Der Codename Anadyr (Анадырь) bezeichnet eine geheime sowjetische Militäroperation während des Kalten Krieges. Sie war nach dem Fluss Anadyr in Sibirien benannt. In ihrem Verlauf wurden ca. 40.000 sowjetische Soldaten sowie mehrere nukleare Mittelstreckenraketen auf der Insel Kuba stationiert.

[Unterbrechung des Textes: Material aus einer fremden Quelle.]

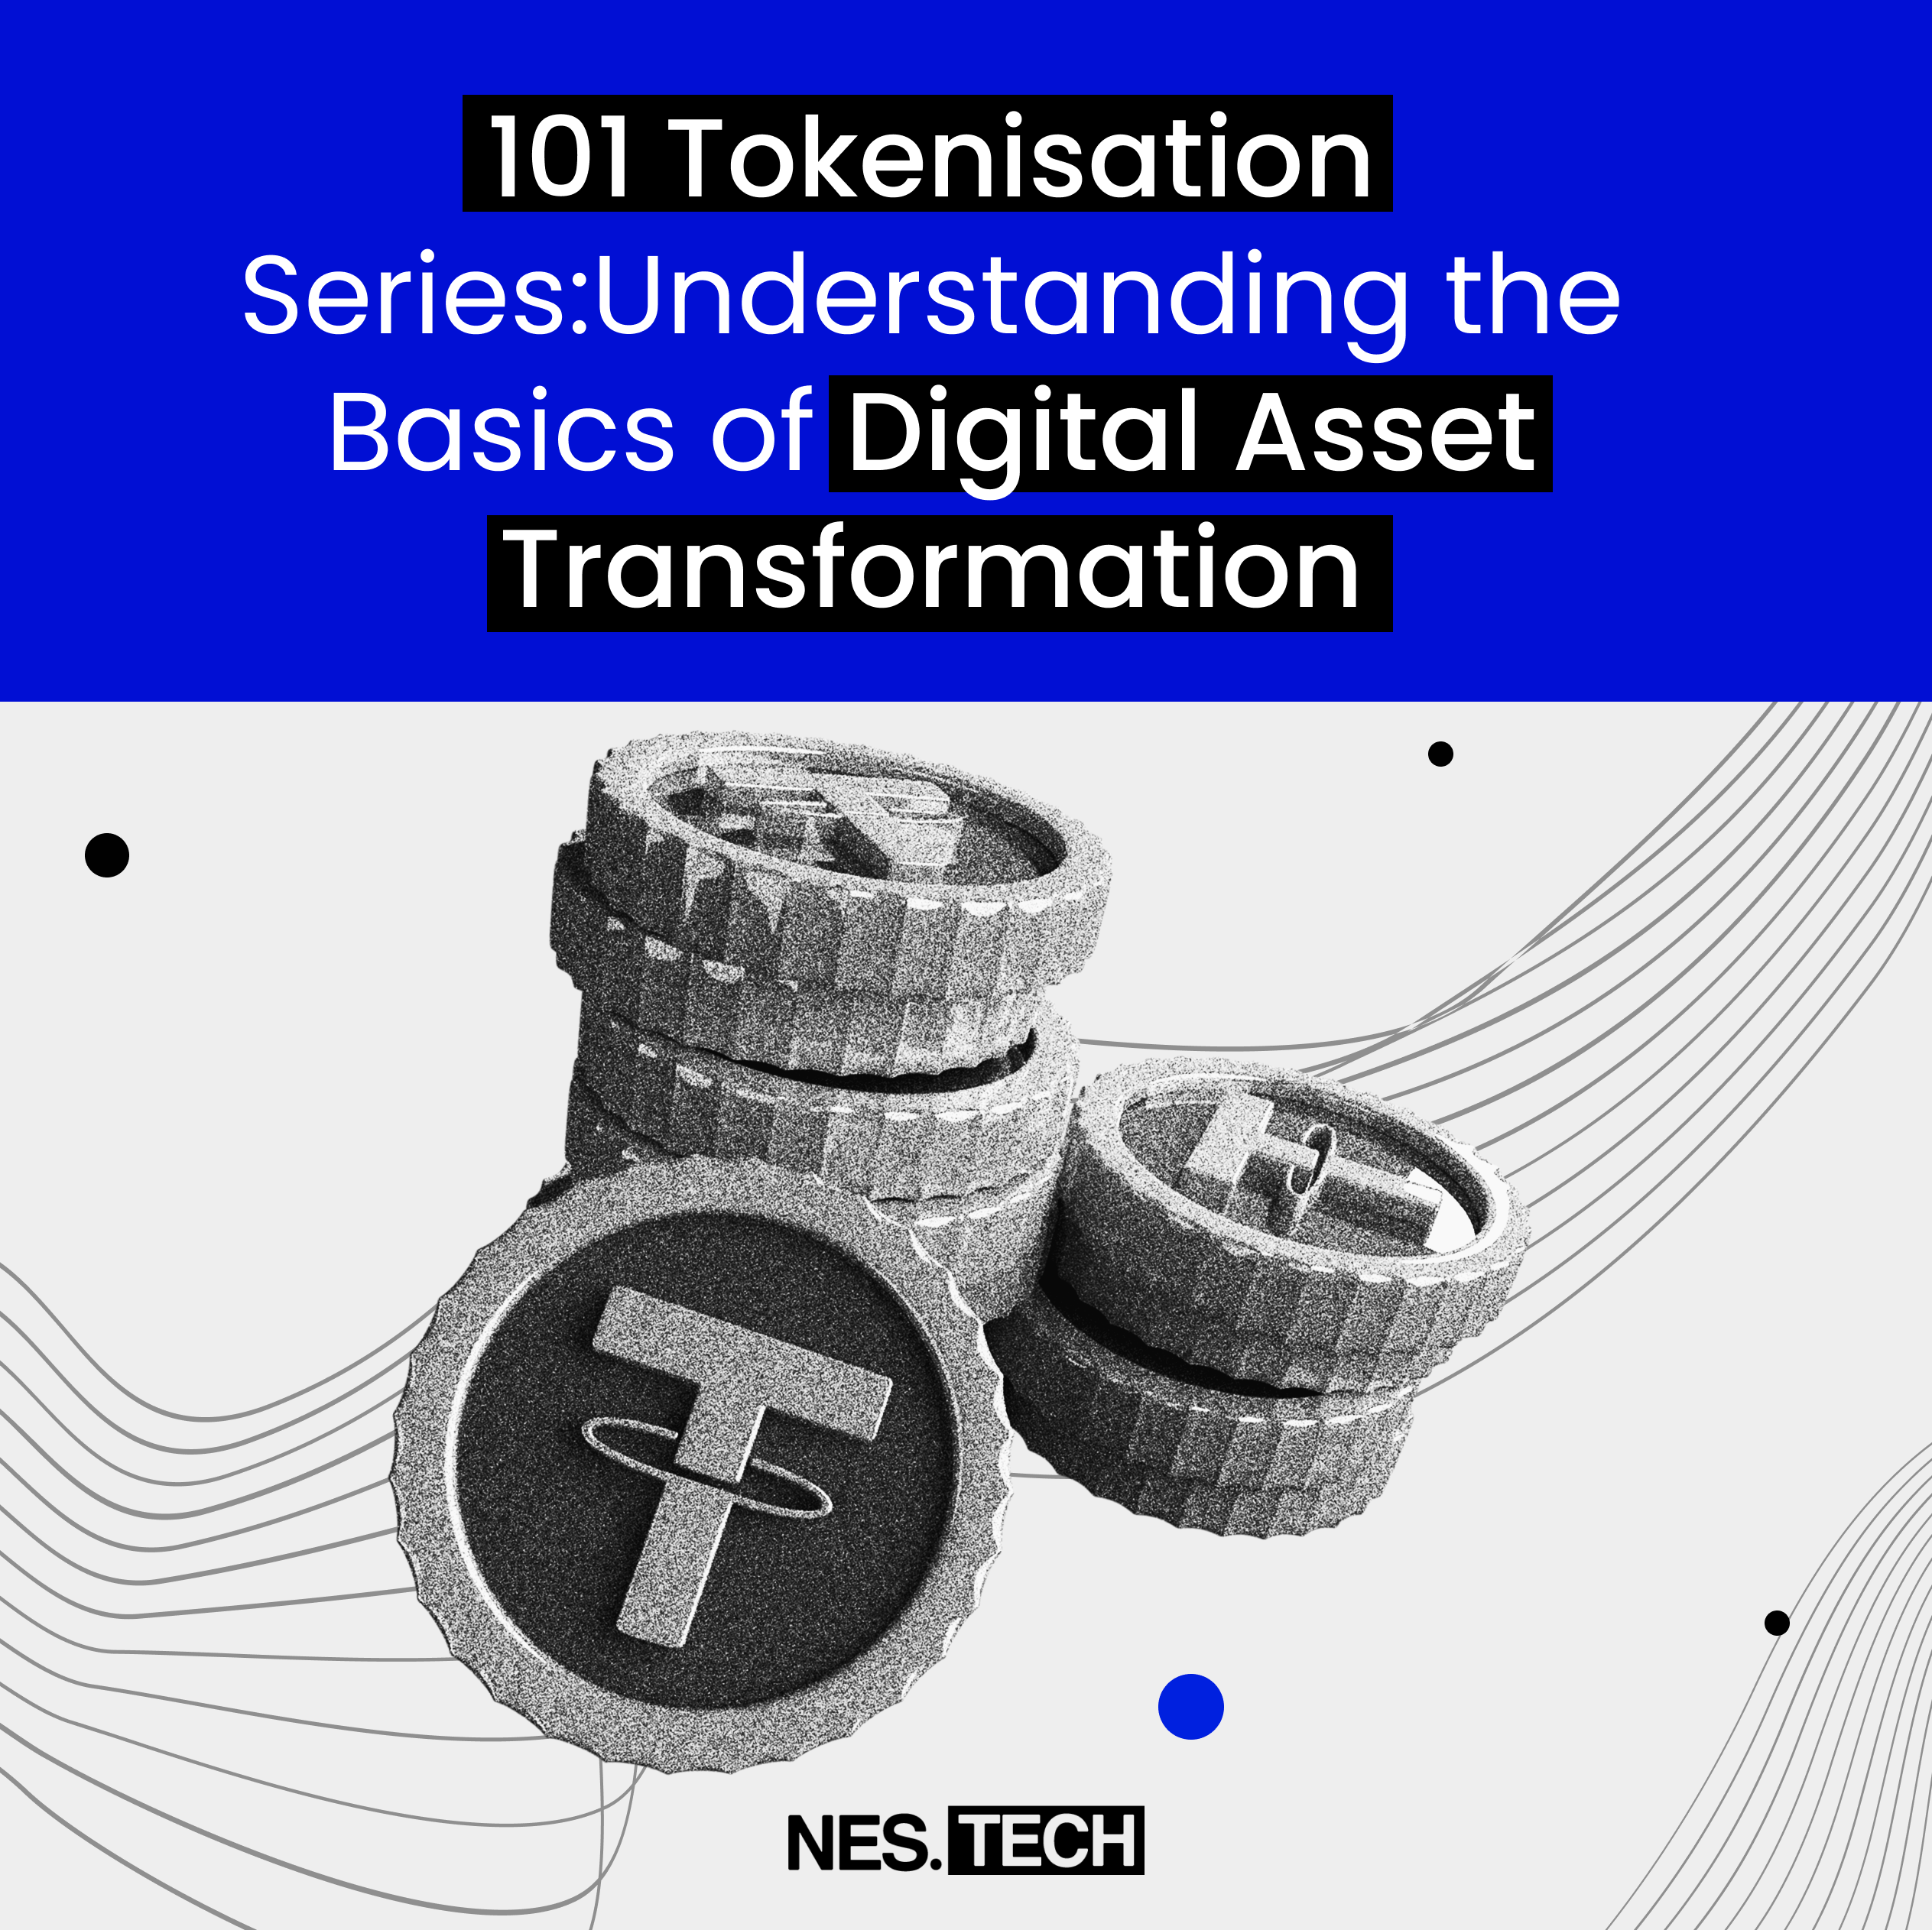 Tokenization 101: The Basics Of Digital Asset Transformation

Am 21. Mai 1962 tagte der Verteidigungsrat im Moskauer Kreml, um über das Vorhaben einer Raketenstationierung auf Kuba zu beraten. Zu den Mitgliedern des Verteidigungsrates zählten: Nikita Chruschtschow (Generalsekretär der KPdSU), Frol Koslow, Leonid Breschnew, Alexei Kossygin (Erster Stellvertretender Ministerpräsident), Anastas Mikojan, Rodion Malinowski (Verteidigungsminister), Andrei Gretschko (Oberkommandierender der Truppen des Warschauer Pakts), Alexei A. Jepischew (Leiter der Politischen Hauptverwaltung von Armee und Flotte) und Generaloberst Semjon P. Iwanow (Leiter der operativen Hauptabteilung des sowjetischen Generalstabs). Ziel war es, mit den Raketen Kuba zu schützen und zugleich das sowjetische Drohpotential gegen das US-amerikanische Festland zu verstärken.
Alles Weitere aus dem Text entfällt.